History on sale at antiques show

Panels from OMSI’s old planetarium among items on sale at event, which drew 6,000 people over weekend

By Stevie Mathieu, Columbian Assistant Metro Editor
Published: January 17, 2016, 6:56pm
6 Photos
Mark Keppinger had this photo on display of the Oregon Museum of Science and Industry&#039;s old planetarium while he sold pieces of the building&#039;s shell on Sunday at the 11th annual Clark County Antique and Collectible Show.
Mark Keppinger had this photo on display of the Oregon Museum of Science and Industry's old planetarium while he sold pieces of the building's shell on Sunday at the 11th annual Clark County Antique and Collectible Show. (Photos by Steve Dipaola for the Columbian) Photo Gallery

You never know quite what you’ll find at an antique show.
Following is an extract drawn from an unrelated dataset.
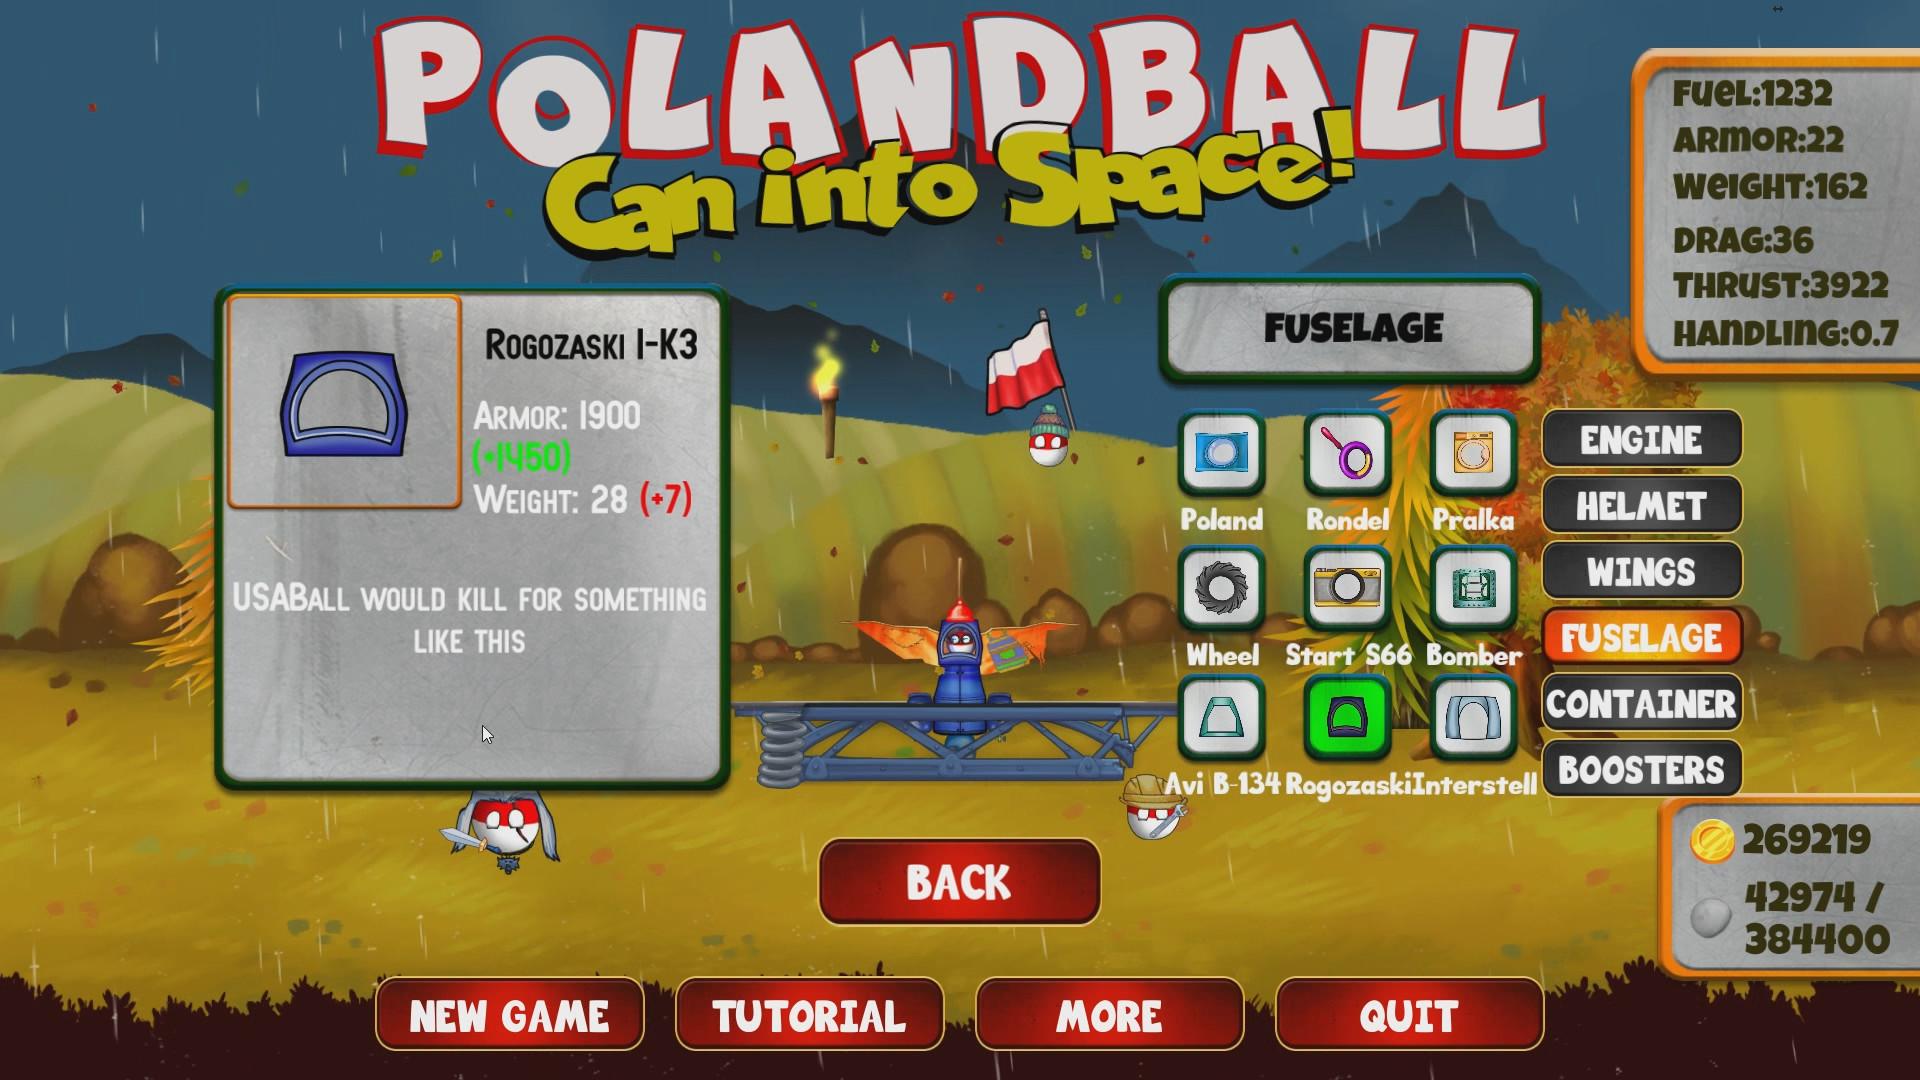 Steam Community :: Polandball: Can into Space! :: Game Art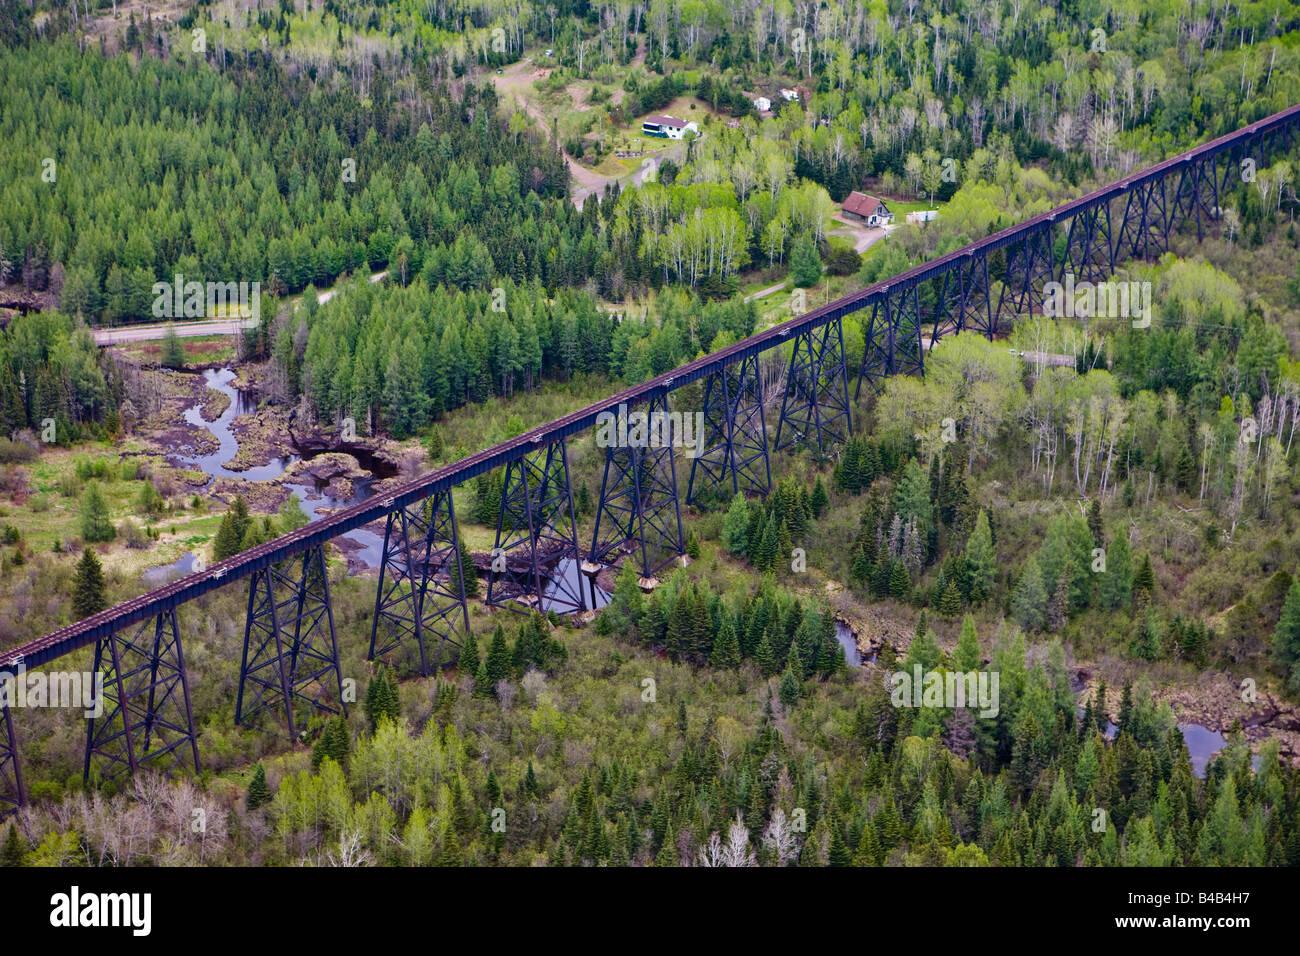 High Level rail bridge near near the town of Ouimet in Ontario, Canada. - Stock Image

Remember the Oregon Museum of Science and Industry’s old, unusually shaped planetarium in Portland? It was demolished about 15 years ago, but not before Portland resident Mark Keppinger got five days alone with the building to salvage whatever he wanted. He made off with 235 of the blue or green triangular panels that gave the building its attention-getting angles; the planetarium was a dodecahedron, or 12-sided.

“I bought the salvage rights to the building, and I took just the shell,” he said, adding that it made him sad to think that the planetarium was simply going to be demolished. “I just wanted to save it.”

Parts of the shell were for sale over the weekend at the 11th annual Clark County Antique and Collectible Show at the Clark County Event Center at the Fairgrounds. On Sunday, Keppinger said he’d sold all four of the triangular panels he brought to the show, and he had about a dozen more sales lined up for panels stored on his property.

Keppinger said he’s had more buyers lately for the planetarium parts. Reusing building materials has become more popular. There also are plenty of nostalgists in Portland. Just look at the frenzy over the teal carpet recently torn out at the Portland International Airport.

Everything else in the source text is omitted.